= William Rowell =

English sportsman and businessman

William Irvine Rowell (19 June 1869 – 17 December 1916) was an English businessman and a sportsman who played rugby union for Cambridge University and first-class cricket for the university team as well. He was born at Singapore and died at Stansted Mountfitchet, Essex.

Rowell was educated at Marlborough College and Jesus College, Cambridge. He was captain of cricket at Marlborough and was tried in trial matches and a few first-class games for Cambridge University in each of his first three years at the university from 1888 to 1890, without achieving any real success. The 1891 season, Rowell's last at the university, went in much the same direction with a few unsuccessful games, after which he was dropped from the university team; but towards the end of June he was picked for the Marylebone Cricket Club (MCC) team to play against Cambridge University and scored 53 as an opening batsman, more than the whole Cambridge team mustered in their first innings.
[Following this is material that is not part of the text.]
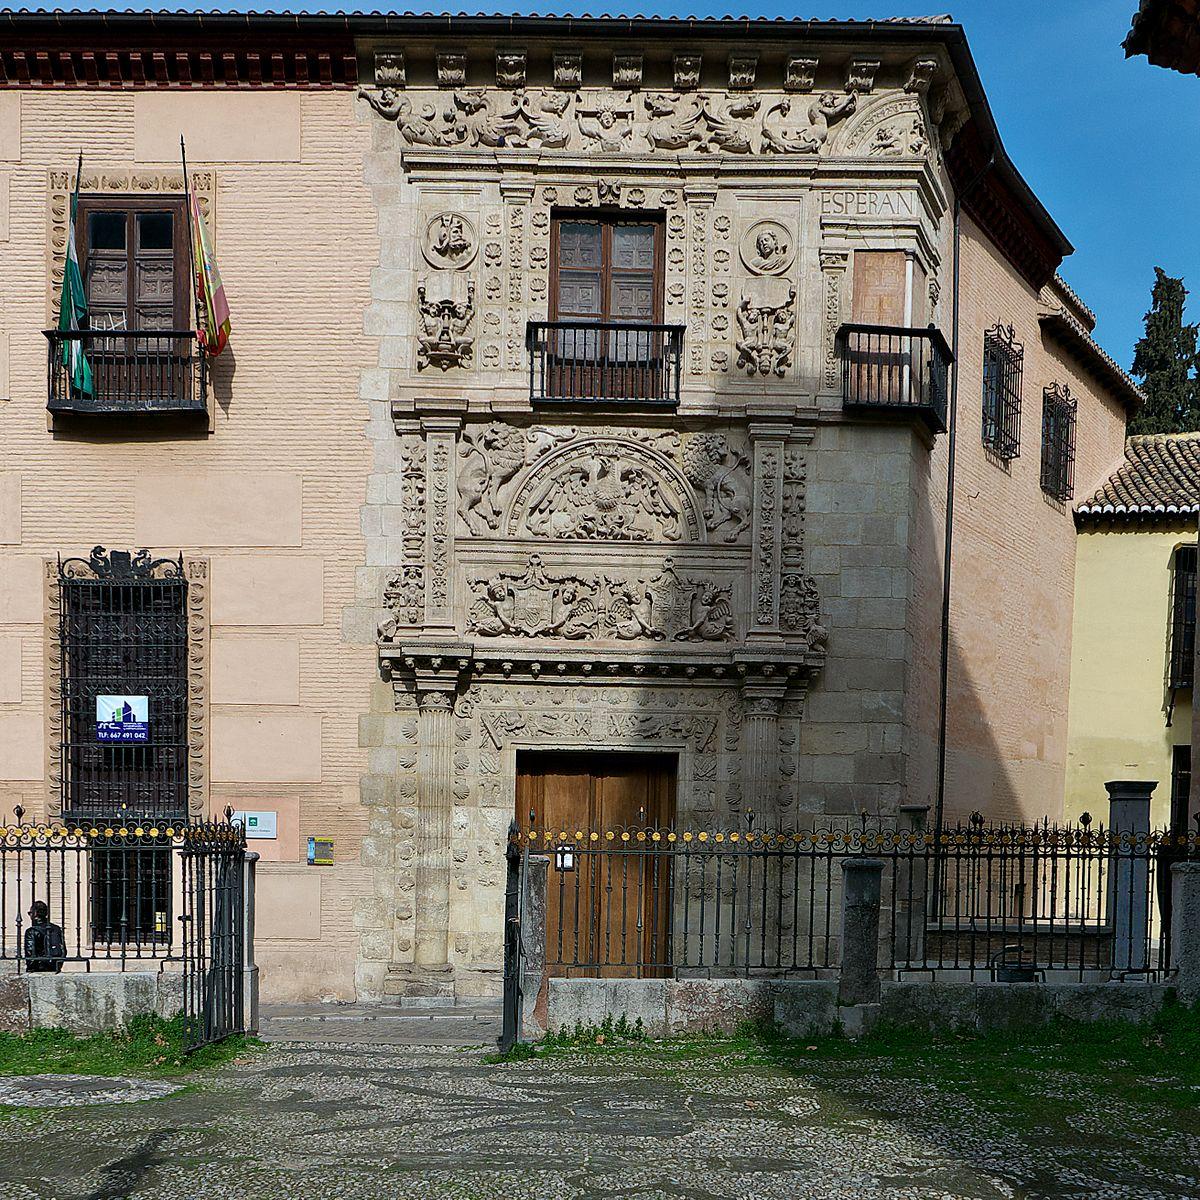 Hernando de zafra wikipedia la enciclopedia libre for Casas modernas granada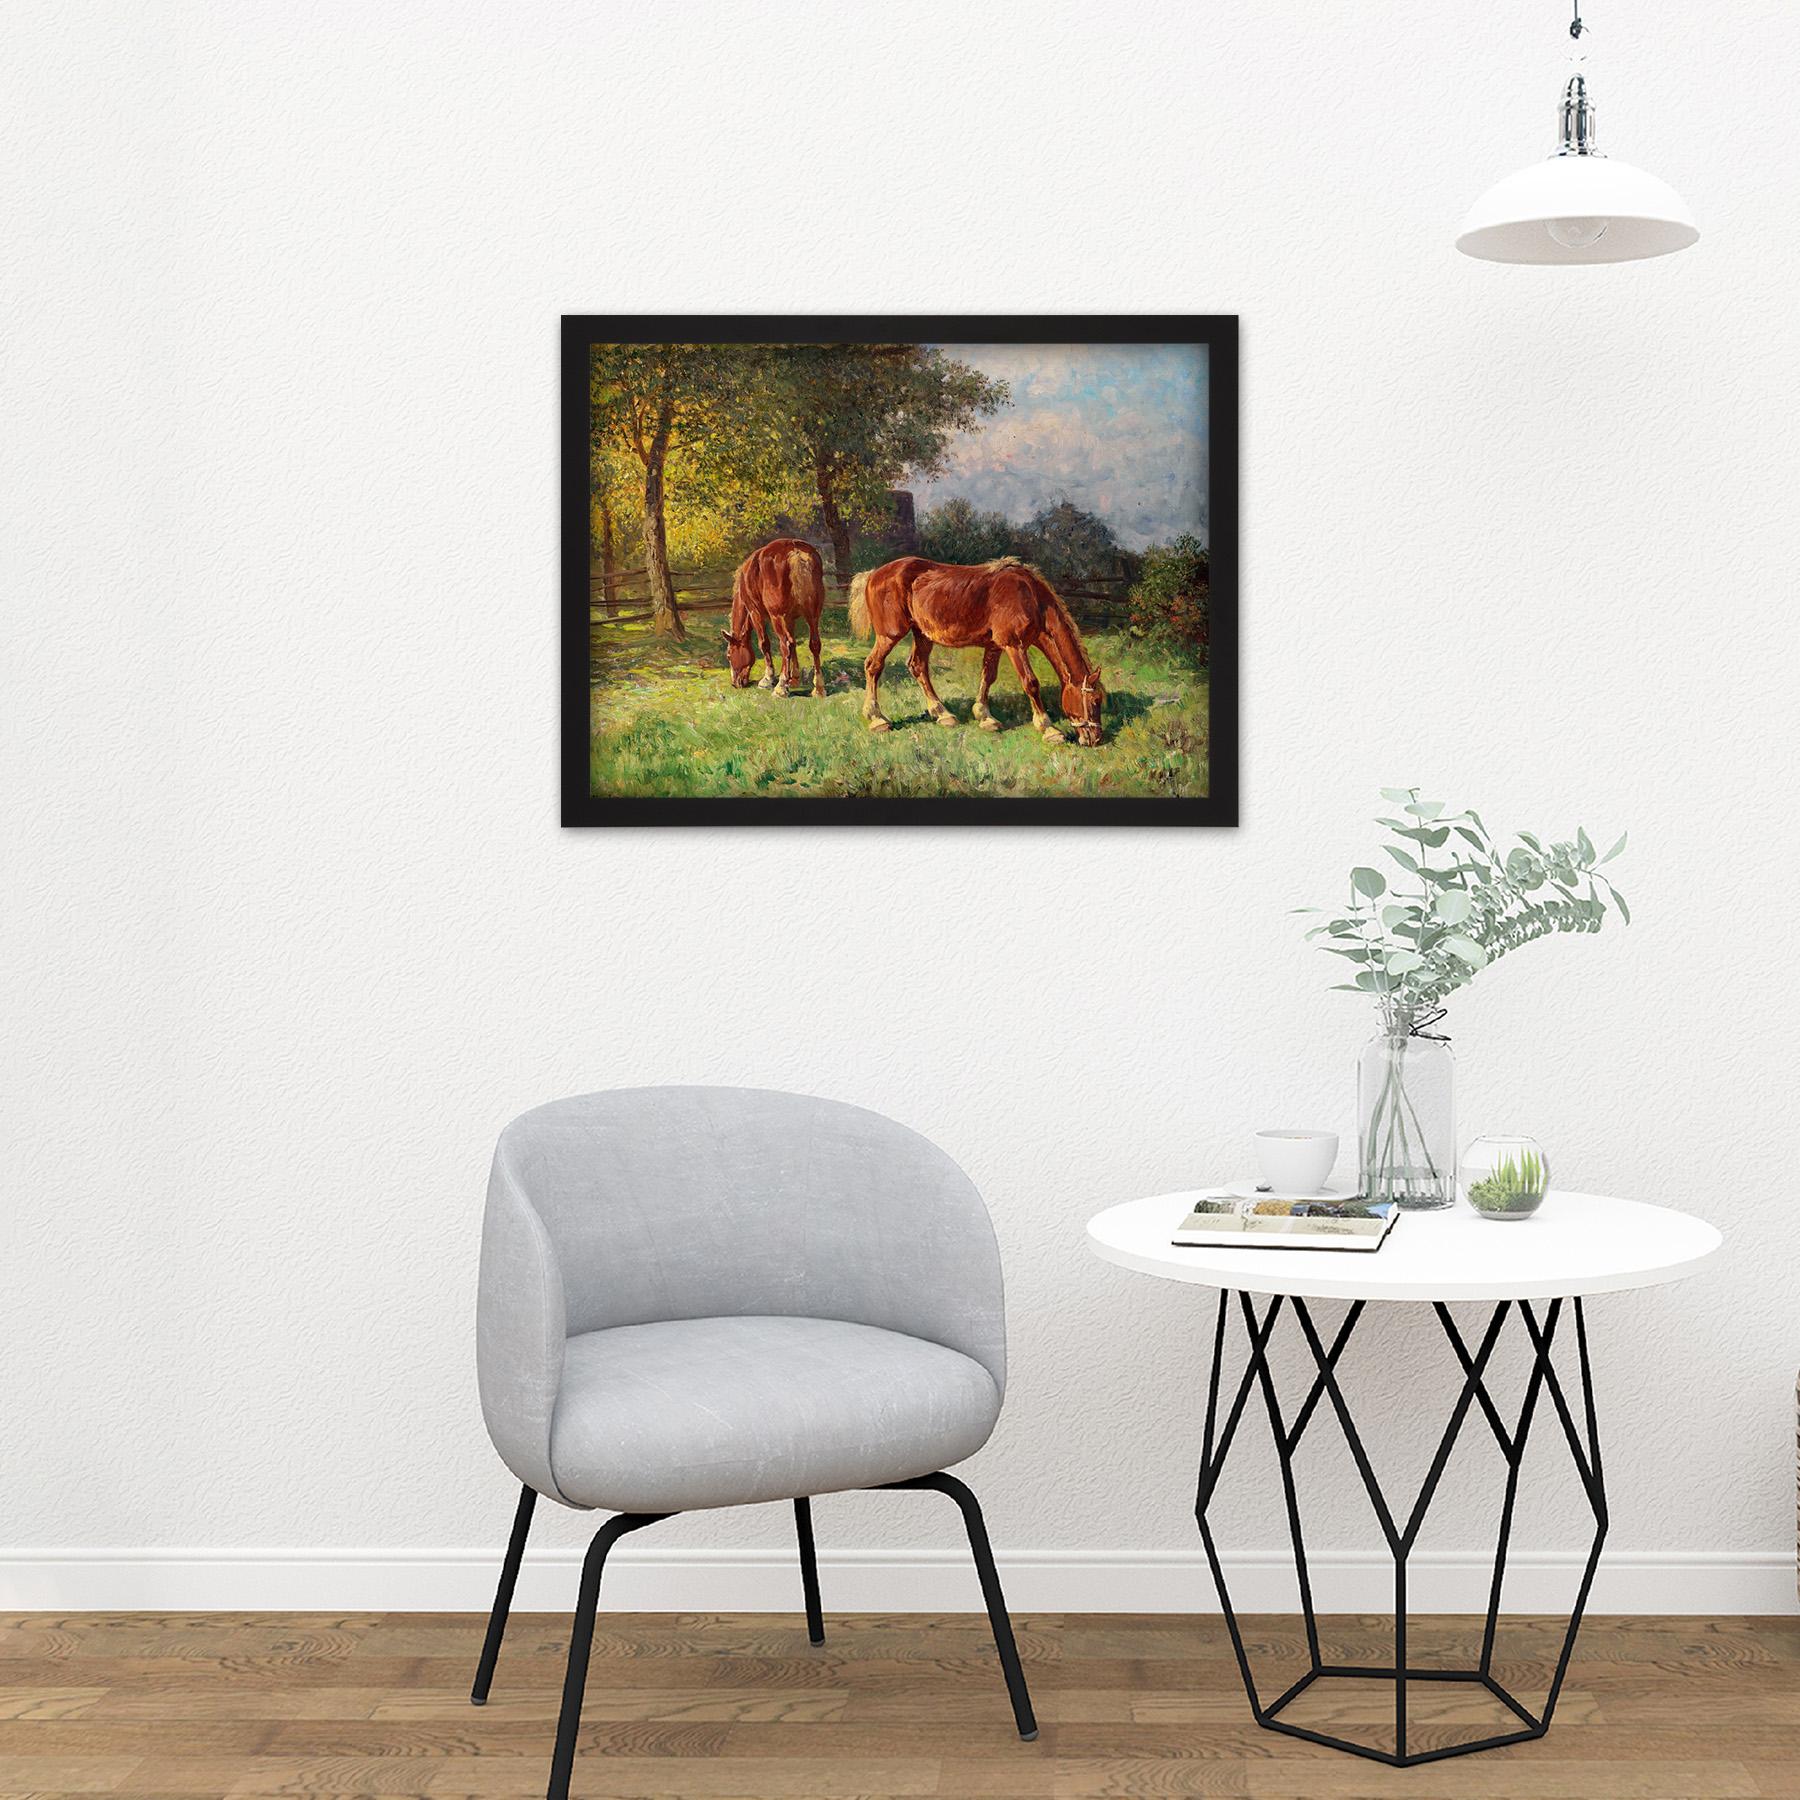 Van-Der-Venne-Horses-In-Pasture-Painting-Large-Framed-Art-Print thumbnail 8

That led to his recall for the University Match against Oxford University at Lord's, which Cambridge won narrowly, though Rowell contributed scores of just 3 and 1. It was his last first-class match. Earlier in the same academic year, he had also been selected for a rugby union Blue as a forward in the match against Oxford; Sammy Woods was in both the rugby and cricket teams alongside him.

Rowell graduated from Cambridge University with a Bachelor of Arts degree in 1891. His later career is not certain, but the directory of Cambridge alumni states that he became a brewer.